Stimmt, da hab ich wohl was durcheinander gebracht. :rtfm:



> und die DOCTYPE-Deklaration kommt nur in die XML-Datei - macht ja auch keinen Sinn, sich selbst anzugeben


Das kam mir auch irgendwie seltsam vor, aber ich war verzweifelt. 

Aber nachdem das erste gefundne war, ergab der Rest auch Sinn...werde das ganze ohnehin nochmal umbauen und im Gegensatz zu den XML-Vorschlägen trotzdem mehr auf Attribute setzen, da ich es etwas sinnlos halte, für sowas wie cost <cost> und </cost> schrieben zu müssen, nur um dann eine Zahl einzutragen...darf man fragen, wie andere das so handhaben?
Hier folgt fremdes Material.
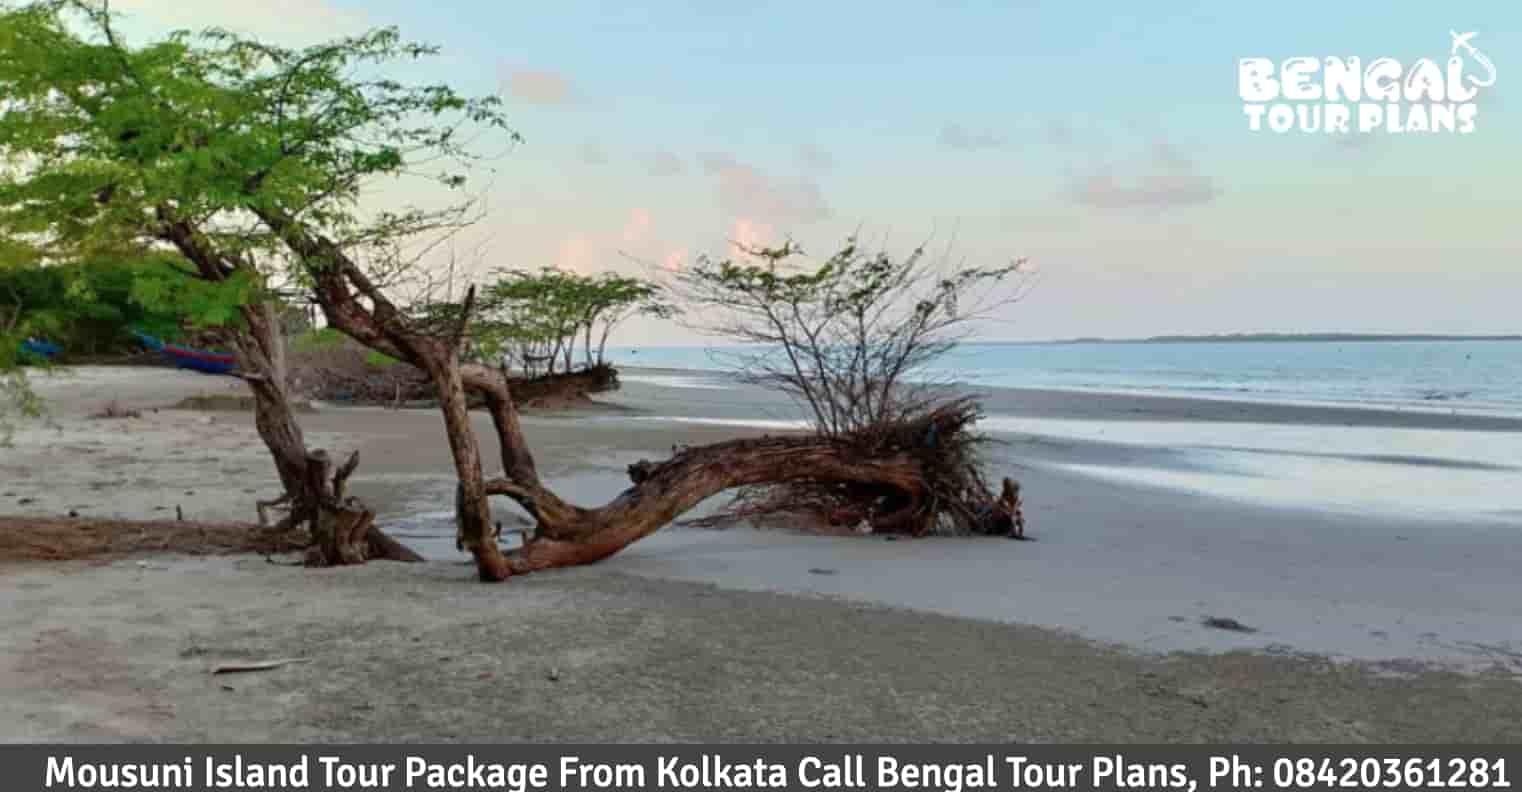 Mousuni Island Tour From Kolkata

Groooßes Dankeschön!  :applaus:
Ich war schon fast so weit, die Validierung einfach wegzulassen, weil es als einziges beim ebsten Willen nicht  geklappt hat...


----------



## taro (28. Jun 2014)

wahrscheinlich gibt es ewig viele Vergleiche Attribute <-> Elemente, spontan verlinke ich mal auf XML Elements vs. Attributes


----------



## SilverClaw (29. Jun 2014)

Ja Danke, das hatte ich ja schon durch...haate da eher auf persönliche Meinungen gehofft, aber ich werde da sowieso danach gehen, wa smir am besten gefällt. Find es z.B. ganz praktisch, die namen oben gut sichtbar als Attribut zu schreiben, weil man dann direkt sieht, wozu das ganze Element gehört.


----------